Other actions that would further minimise the risk of P. colocasiae surviving include washing with high pressure water as soon as possible after harvest; using a hot water dip—something that is already being evaluated as a treatment to eliminate mites and nematodes; and drying taro after treatment.

‘Existing import conditions for large-corm taro into Australia require topping to remove all leaf bases and growing points to prevent the corms being propagated, and this is also a vital component of the systems approach,’ Dr Fullerton says.

Dr Seeseei Molimau-Samasoni, SROS Head of Plant and Postharvest Technologies Division, says the Samoa MAF has submitted a copy of the report to Biosecurity Australia and is seeking its opinion on the level of risk and the proposed systems approach for reducing this further.

Dr Molimau-Samasoni says the need for more research on some of the critical steps in the pathway will depend on Biosecurity Australia and what it sees as being necessary to eliminate the risk of P. colocasiae entering Australia either on or inside fresh taro corms from Samoa.

These steps may include investigating the temperature/time tolerance of P. colocasiae to define the conditions required for successful heat treatment; conducting further studies on the survival of sporangia under different conditions in the growing environment; and verification that the corms cannot become infected during the growing season.

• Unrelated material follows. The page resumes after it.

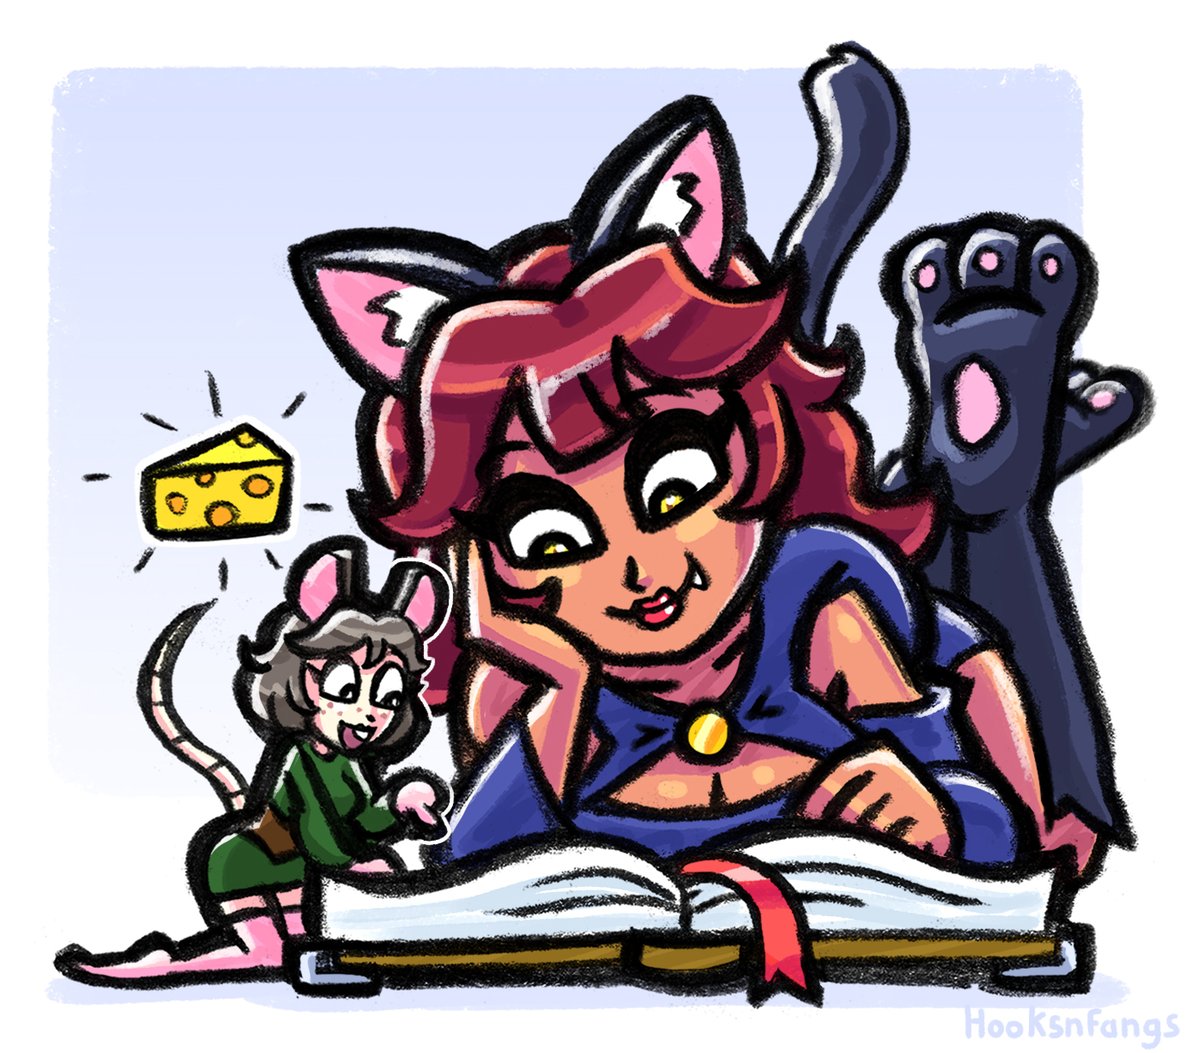 Commission for @pixelatedsweet featuring a cat and mouse enjoying a book! Must be a cheesy book or something.

‘Ultimately, having the ability to market our taro into Australia means more opportunities for our farmers, which translates to better monetary returns,’ she says.

Dr Tyson says the Samoan community is already benefitting from the research as it has increased the capacity of Samoan scientists to study plant pathology of all crops, not just taro.

‘The ACIAR funding enabled us to upgrade the capacity of the SROS laboratory and install goodquality microscopes, cameras and other equipment, and reference books,’ she says.

‘The team of Samoan scientists are now very capable in general plant pathology and their ability to research post-harvest diseases, not just those that apply to taro, has been massively increased.'

ACIAR Small Research Activity: Defining the biotic constraints to fresh taro from Samoa gaining market access to Australia, HORT/2017/014.